On October 26 in Washington, 31 representatives of national organizations, private companies, city agencies,
and mayors’ offices – many of whom had been participants in the September 8 meeting – met in Washington to
continue the discussion of the strategies they believed should be included in the mayors’ poverty, work, and
opportunity action plan.
On November 16 in St. Louis, mayors participating in a Conference meeting on education were invited by St.
Louis Mayor Francis Slay, the Chair of the Committee on Jobs, Education and the Work Force, to review the
most recent draft of the action plan. The review session involving Mayors Kilpatrick, Douglas Palmer of
Trenton, David Cicilline of Providence, Dannel Malloy of Stamford, John Fabrizi of Bridgeport, and Samuel
Jones of Mobile produced several recommendations for changes and additions to the plan.
On January 25, during the 2007 Winter Meeting of the Conference, Mayor Villaraigosa presented Repairing
the Economic Ladder: A Transformative Investment Strategy to Reduce Poverty and Expand America’s Middle
Class, a report he published as Chair of the Task Force on Poverty, Work, and Opportunity.
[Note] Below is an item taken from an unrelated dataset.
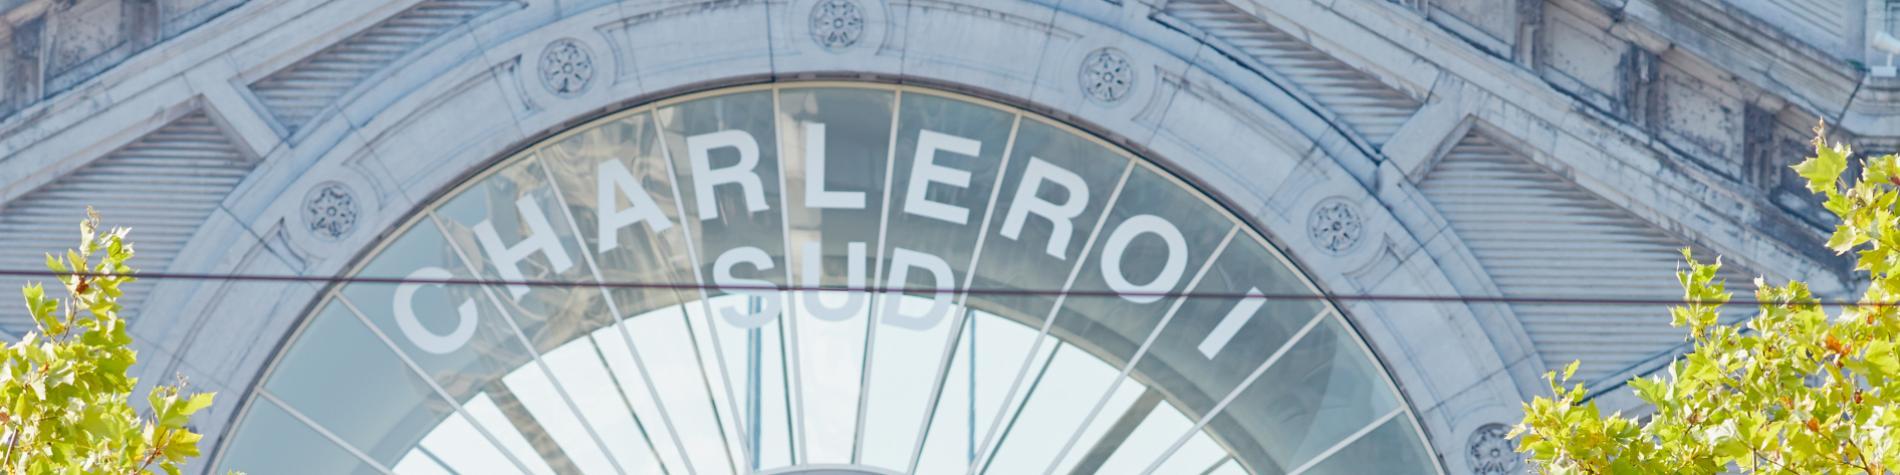 Monuments - Ville - Gare - Couple jeune - Transport ferroviaire - Charleroi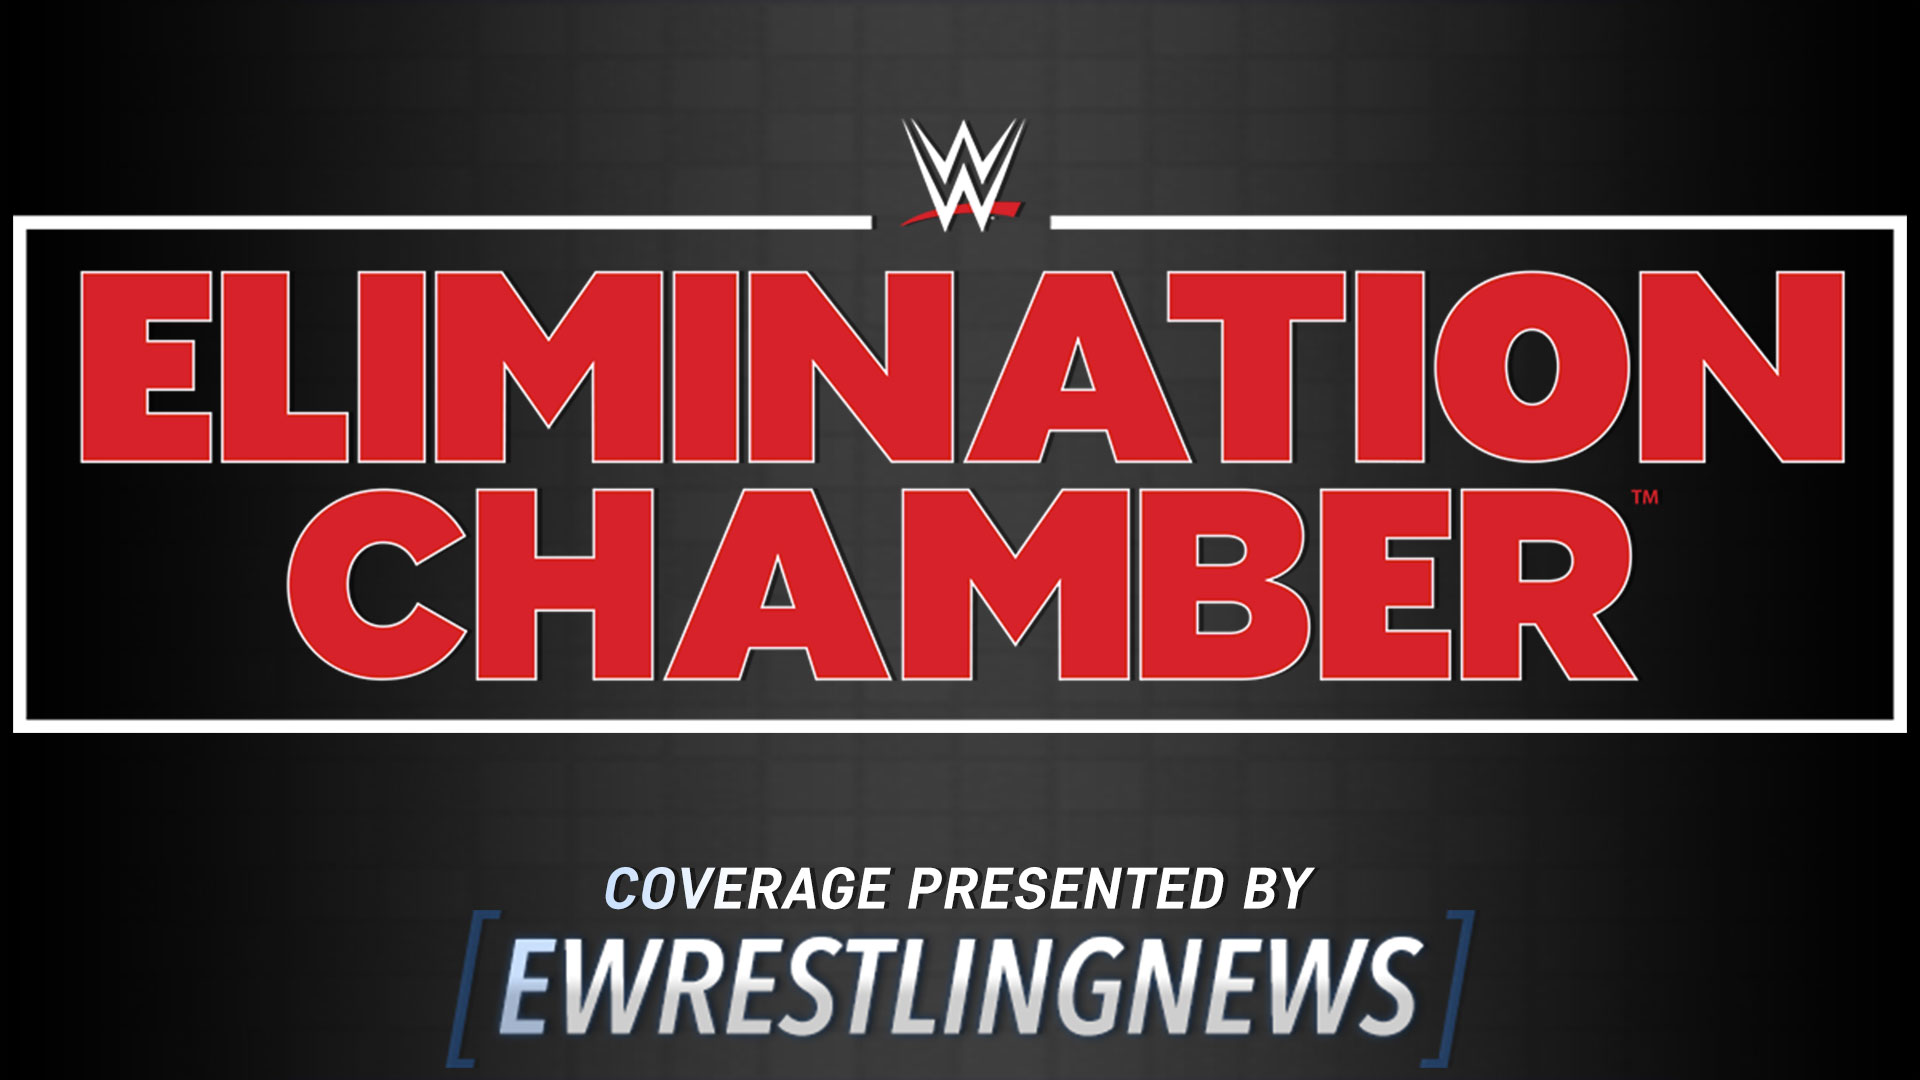 WWE Elimination Chamber Results March 8 2020 eWrestlingNewscom 1920x1080

The Mayor’s report
recommended three major areas of investment in tomorrow’s workers: high quality public education, life-long
education and skills development, and economic opportunities. In a Task Force meeting that day, Mayors
Villagairosa, Daley, Palmer, Kilpatrick, Slay, Diaz, Kautz, Dellums, Booker, and Adrian Fenty of Washington
discussed next steps in finalizing Task Force recommendations in preparation for their presentation during the
June 2007 annual meeting in Los Angeles. Planned in that meeting were hearings in Miami and Detroit prior to
the Los Angeles meeting.
On March 23 in Miami, Mayors Villaraigosa, Palmer, Diaz, Kilpatrick, Cicilline, Malloy, and a representative
of Mayor Daley reviewed a report prepared by the Conference at the request of Mayor Diaz which listed all of
the recommendations generated to date by the mayors who had participated in all previous Task Force meetings.
In the meeting, the mayors instructed the Conference staff to develop policy resolutions which incorporated all
of these recommendations for consideration by all mayors in the Los Angeles meeting. (The Detroit hearing,
planned for early June, was cancelled because of mayors’ scheduling problems.)
Following the Miami meeting, Conference staff drafted a package of 23 policy resolutions incorporating all
recommendations; this package was sent to Task Force leaders and Chairs of relevant Standing Committees for
their review. In a conference call on May 18, mayors provided Conference staff with comments on and changes
to each resolution and indicated which of the individual resolutions they would sponsor or co-sponsor. On the
basis of this call, the 23 resolutions were finalized, sponsor names were added, and the package was included in
the full set of resolutions sent to all members of the Conference prior to the annual meeting in Los Angeles.